Did you register the dll file as mentioned in the link I provided in the earlier post?

Run "regsvr c:\windows\system\hhctrl.ocx"

Arun


----------



## royal (Jul 17, 2006)

are there any special characters in the filename or path ???

I had a folder called "C#" where I had some ebooks. I was unable to open any.

When I changed the name from "C#" to "C Sharp" , I could open them


----------



## rakeshishere (Jul 17, 2006)

sakumar79 said:
			
		

> Did you register the dll file as mentioned in the link I provided in the earlier post?
> 
> Run "regsvr c:\windows\system\hhctrl.ocx"
> 
> Arun



when trying to register the dll file i get a msg that "cannot find the dll file hhctrl.ocx"


----------



## sakumar79 (Jul 17, 2006)

Then, locate the file and revise the command to show correct path... If it is in system32 folder, run "regsvr c:\windows\system32\hhctrl.ocx"

Arun


----------



## rakeshishere (Jul 20, 2006)

sakumar79 said:
			
		

> Then, locate the file and revise the command to show correct path... If it is in system32 folder, run "regsvr c:\windows\system32\hhctrl.ocx"
> 
> Arun



I tried but i get a new error something like this:
*LoadLibrary("c:\windows\system32\hhctrl.ocx") failed.*


----------



## RCuber (Jul 24, 2006)

royal said:
			
		

> are there any special characters in the filename or path ???
> 
> I had a folder called "C#" where I had some ebooks. I was unable to open any.
> 
> When I changed the name from "C#" to "C Sharp" , I could open them


I had a .chm file , but it was not showing the contents  , i tried a few softwares but none was able to fix it , after i saw your post it worked  , thanks royal for the trick .


----------



## rakeshishere (Jul 24, 2006)

Its ok...I have reinstalled my OS


----------



## nishant_nms (Jul 25, 2006)

I too had faced this problem sometimes ago. Then I asked Microsoft for help. Then they called me and asked me to uninstal SP2 and again to install it in safe mode. My XP had not got any service pack in itself.
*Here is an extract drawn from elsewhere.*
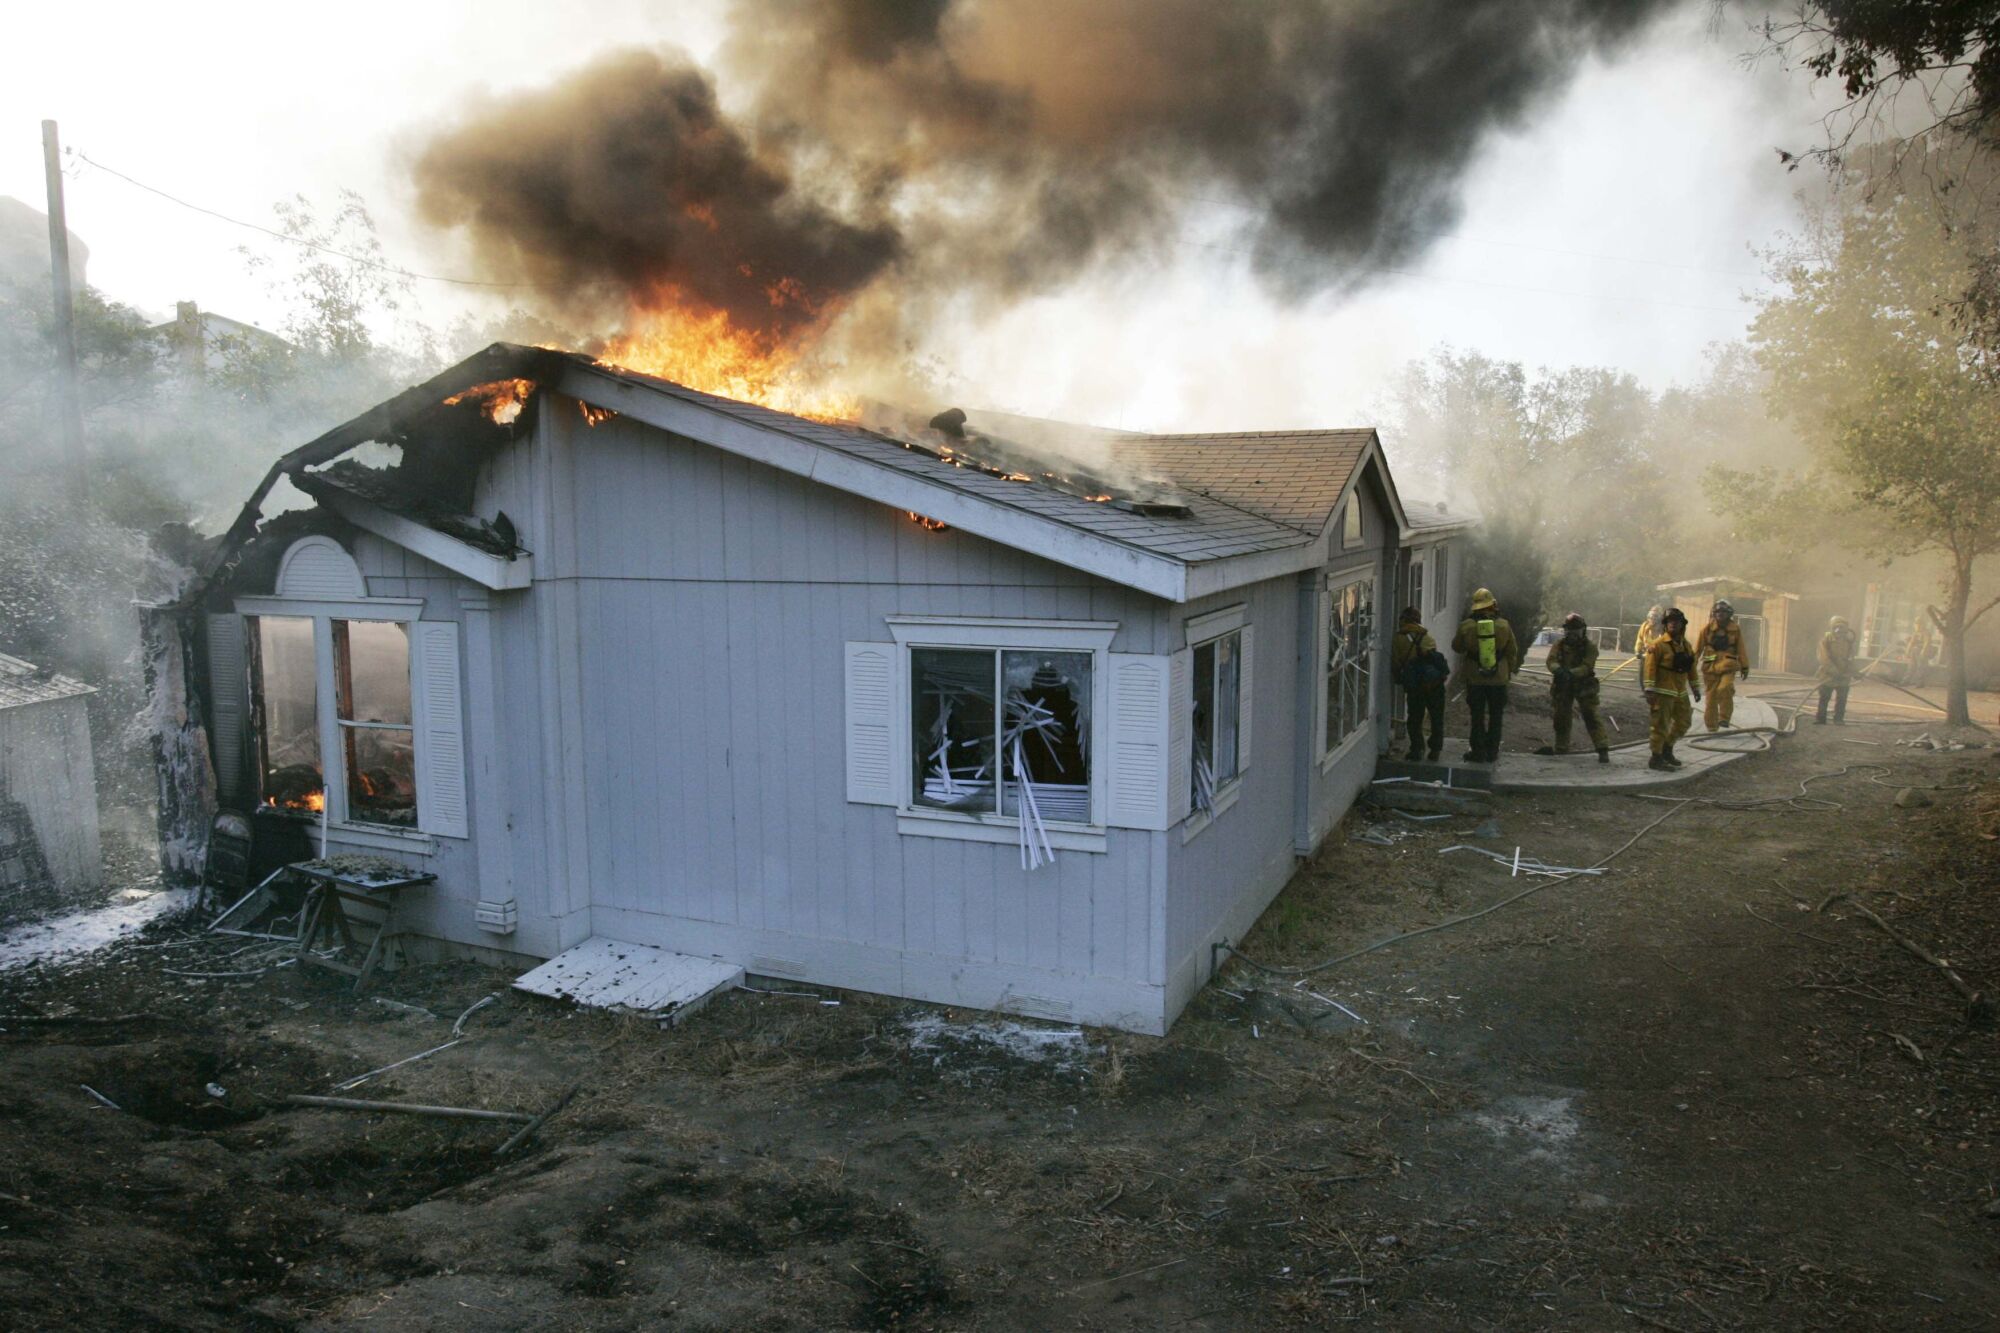 Firefighters battled a house fire at 2545 Honey Springs Road north of Dulzura during the Harris fire in 2007.
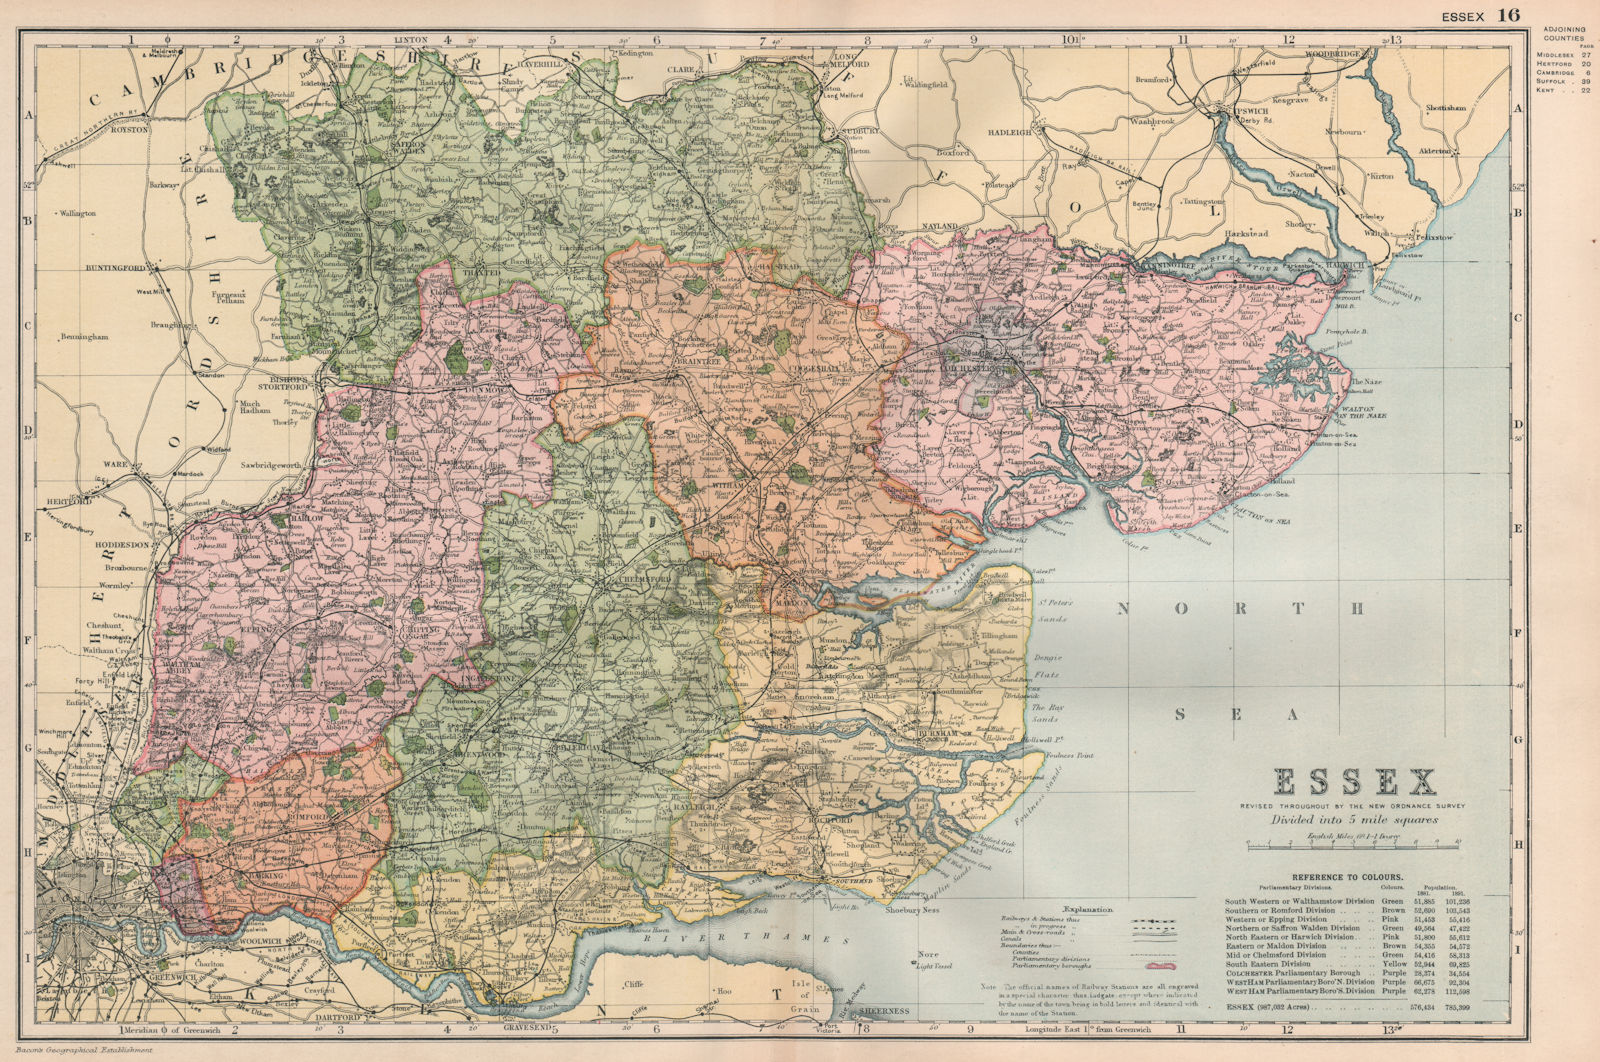 Associate Product ESSEX. Showing Parliamentary divisions, boroughs & parks. BACON 1896 old map

It needs to be installed manulay after installation of XP


----------



## rakeshishere (Jul 25, 2006)

nishant_nms said:
			
		

> I too had faced this problem sometimes ago. Then I asked Microsoft for help. Then they called me and asked me to uninstal SP2 and again to install it in safe mode. My XP had not got any service pack in itself. It needs to be installed manulay after installation of XP



What do u mean when u say "My XP had not got any service pack in itself."


----------